WHEN THE LAMB IS SILENT

Elvis
SOMEONE FROM THE MIDDLE EAST told me once that Westerners play games, looking for win-win outcomes. Islamists play for win-lose outcomes. Liberals have a very difficult time dealing with the kind of triumphal attitudes inherent in Islamism. They think that everyone should be able to paint reality in subtle shades of gray. Islamic intolerance and barbarism is often excused as merely cultural expression.

Several years ago my family was involved in liberating a young Philippina girl who had been given as a wedding gift to a Saudi student attending our local university. When challenged about the enslavement of this young girl by one of his students, the university provost cautioned that we should be more sensitive, because in Saudi culture this sort of thing is acceptable.

Silence can only be construed as tacit consent of the Left. Two million Southern Sudanese were killed in the 20 years of terrible blood letting. This genocide was a direct consequence of the jihad instigated by the Islamic Front leaders in Khartoum. Religious conservatives were in the forefront of the movement to halt the slaughter and bring about a comprehensive peace. When that same Khartoum regime launched its jihad against Muslims in Darfur, religious conservatives again protested. This time they were joined by liberals in calling for an end to the violence. In fact, liberal organizations made it the cause de jour for a myriad of celebrities. All well and good, but where were they when Christians and animists were being murdered?

All that the Christians and other non-Muslims of the Middle East want from the Left is a little more consistency in compassion. The liberal press has occasionally been responsive to the plight of the Christians of Iraq, but one suspects that it is not because of an authentic sense of solidarity, but the fact that the issue provides one more opportunity to show the failure of the Bush administration.

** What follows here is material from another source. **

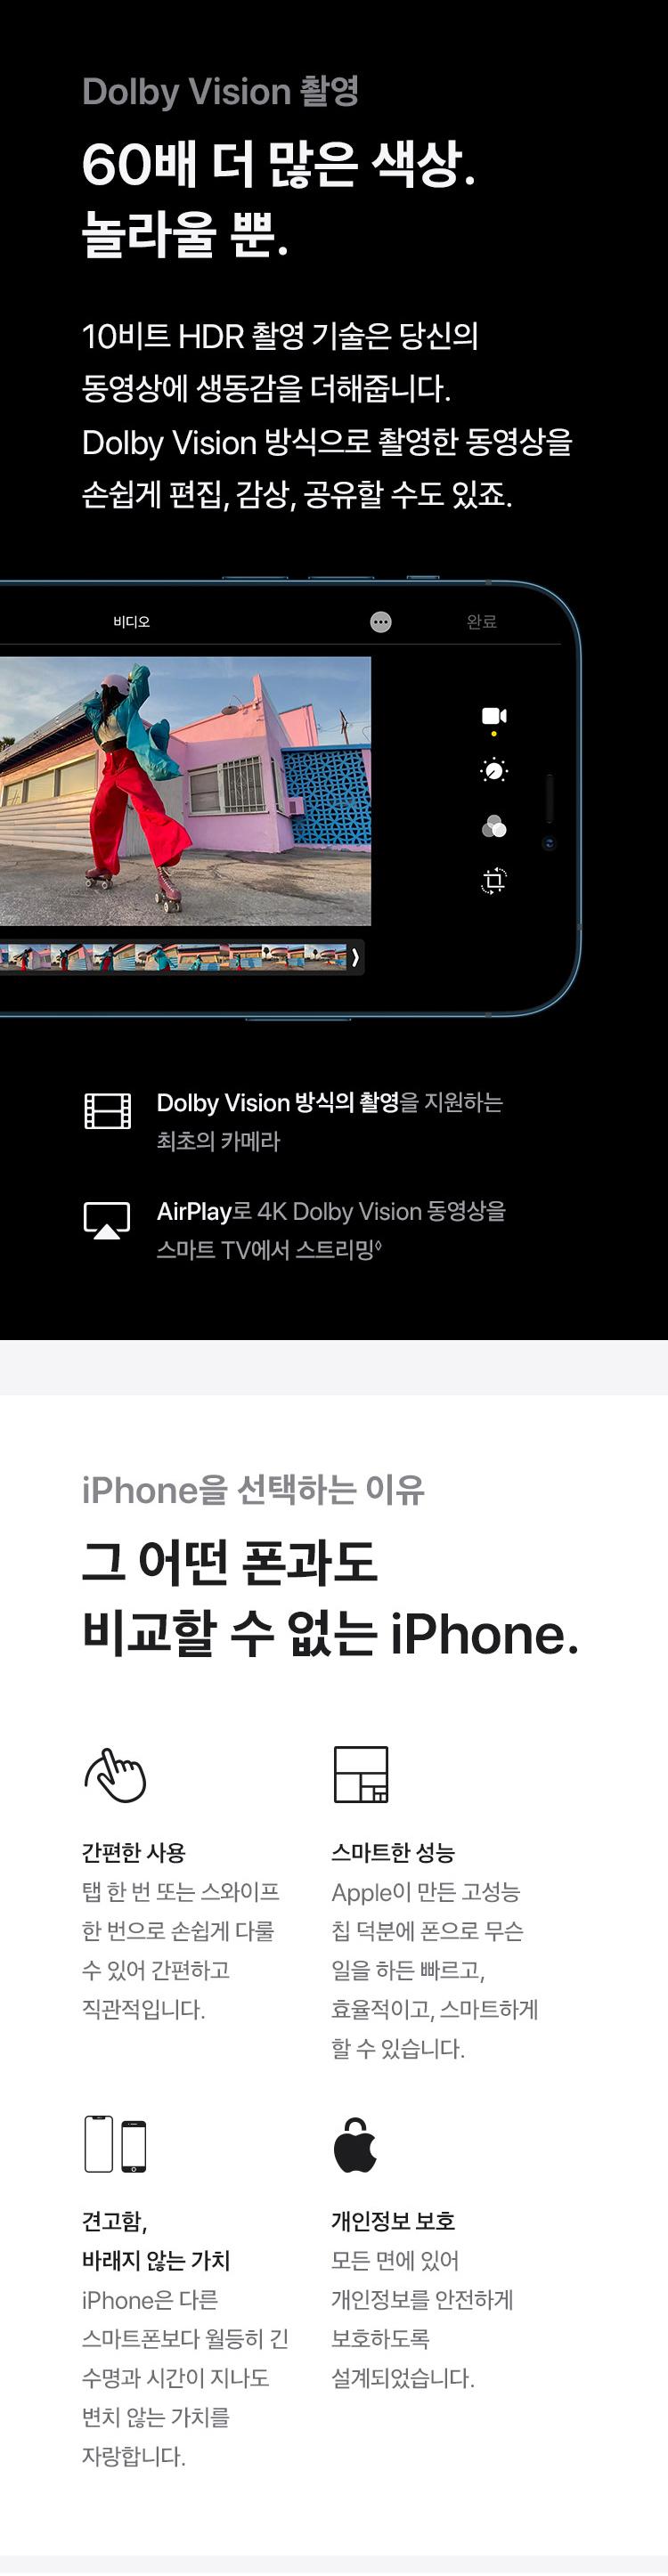 iPhone12-Pro_제품페이지_750px-4.jpg

These comments are excerpted from an interview with Rev. Keith Roderick, a defender of religious prisoners of conscience since 1982 as the Director of the Society of St. Stephen and Co-Director of the International Taskforce on Soviet Jewery. After responding to the appeals of Coptic Christians in 1987, he began working for Christians and other minorities from predominantly Muslim countries. He organized the Coalition for the Defense of Human Rights in 1993, the largest umbrella organization representing these minorities. Fr. Roderick also serves as the Washington Representative of Christian Solidarity International and is the Canon for Persecuted Christians for the Diocese of Quincy, the only Canon defending persecuted Christians in the Episcopal Church.

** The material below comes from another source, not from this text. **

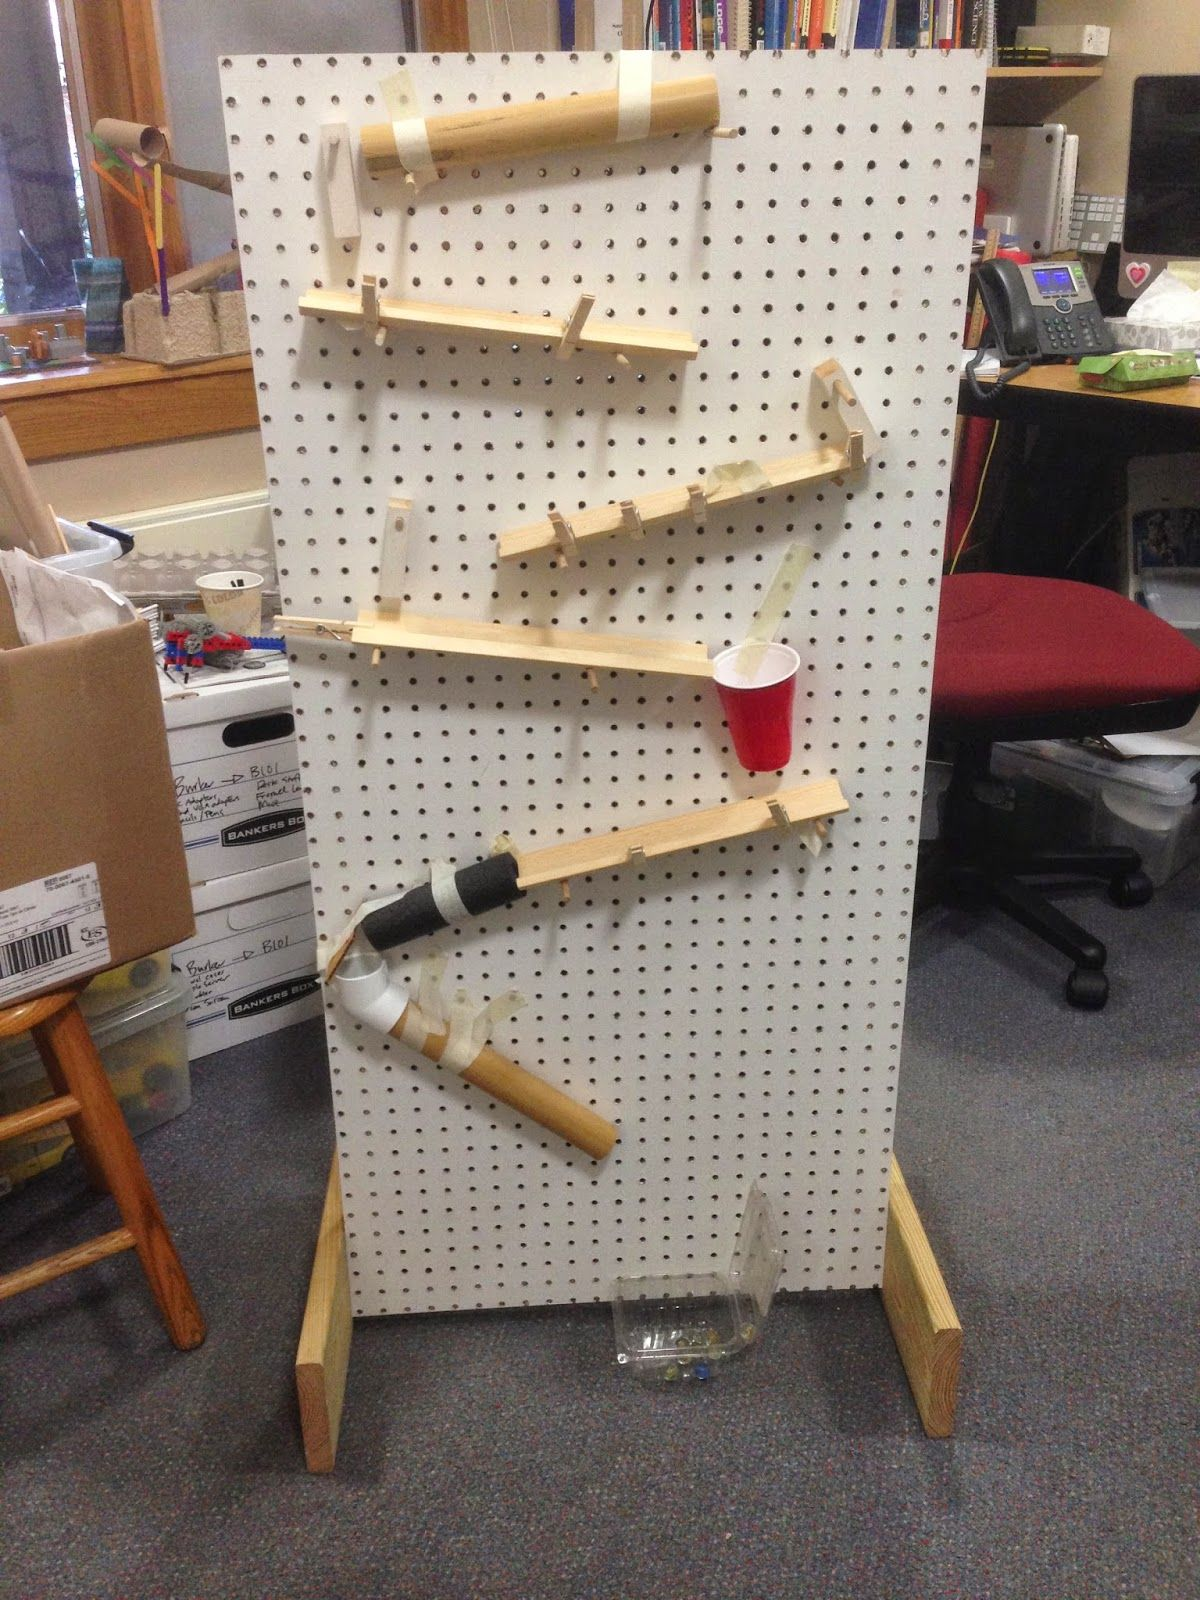 Constructing Cardboard Automata

Actually, I must add my own two cents in the form of a question. Where is the outrage of the Right? Where is the howl from the righteous independents we hear so much about around US election time? Roderick is one voice, strong and on the money with regards to understanding the historically persistent threat from Islam to these communities, but he certainly is not loud enough, and is only one voice in this never-ending cacophony of globally active agitators on the prowl. Where are these televangelists who claim to know God's will? Where are the million strong marches coming from the so-called powerful right-wing lobby for anything but their own self-interests? May God help us all as Islam continues its bloody and suffocating reign across the lands of peace-loving peoples, while everyone else stands around, hands in pockets, making excuses for these ruthless totalitarians! The long predicted weeping and the gnashing is surely not far away, if this blindness continue unchallenged at every level of confrontation.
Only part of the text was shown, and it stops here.